The Employee Retirement Income Act of 1974 (ERISA) is a federal statute that dictates how employee benefit plans provided by private employers are administered. ERISA rules do not ordinarily allow pension assets to be assigned or alienated; however, one major exception applies when a pension plan participant becomes separated and divorced. In such a case, pension assets may be subject to a property division under a court order or court approval of a settlement agreement.


In relation to a proceeding in which a state's domestic relations law applies, such as a divorce, separation or child support, a court may issue a judgment, decree or order dividing the property of the parties or ordering alimony payments. Alternatively, the court may issue an order approving a settlement agreement reached by the parties as to how their property is to be divided. Pension benefits may be included within that property even though the spouse or child who is to share in (or take all of) those benefits is not a participant or beneficiary of the pension plan. For the purposes of ERISA, such a judgment, decree, or order is referred to as a "domestic relations order," and the non-participant spouse or child is referred to as an "alternate payee."

A plan administrator is not required to comply with a domestic relations order unless it is determined that the order is "qualified." In order to be qualified, a domestic relations order must contain the name and last known mailing address of the participant and of the alternate payees.
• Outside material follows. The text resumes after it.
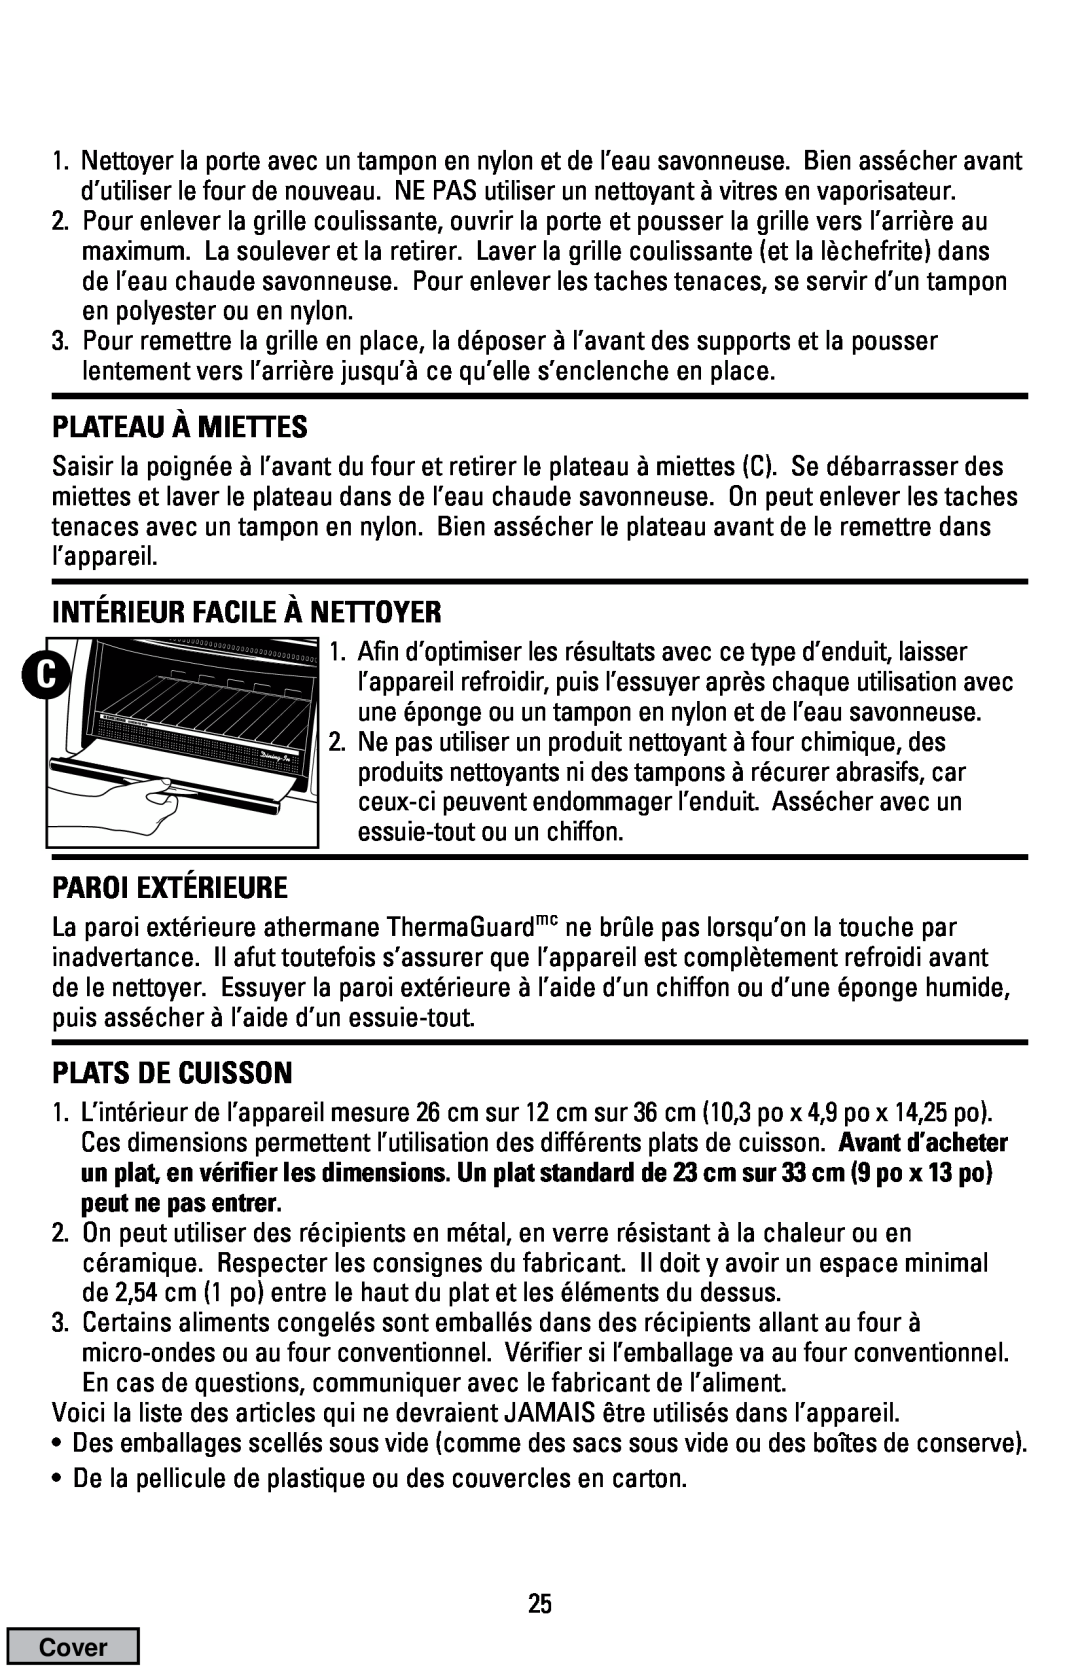 Black & Decker CTO9000 manual Plateau À Miettes, Intérieur Facile À Nettoyer, Paroi Extérieure, Plats De Cuisson

The order must also supply the name of the plan to which it applies, the dollar amount to be paid to the alternate payee or the method by which the amount is do be determined, and the number of payments the alternate payee is to receive or the time period to which the order applies.

A qualified domestic relations order may not require payment of any benefit that would not ordinarily be available under the plan, nor must the order require increased benefit payments. If benefits are required to be paid to another alternate payee under a previous qualified domestic relations order, the same benefits may not be ordered paid to another alternate payee. Finally, a qualified domestic relations order may not specify that the benefit is to be paid in the form of a qualified joint and survivor annuity for the lives of the alternate payee and his or her later spouse.

Plan administrators are required to establish written procedures for determining whether a domestic relations order is qualified. When plan administrators receive a qualified domestic relations order from a state court or agency, they are required to notify plan participants and alternate payees and provide them with a copy of those procedures. The procedures are also required to allow an alternate payee to designate a representative to receive notice of the receipt of the domestic relations order and a copy of the procedures.

If the alternate payee is a child or otherwise legally incompetent, a guardian, agent, or trustee may be designated to receive the benefit payments.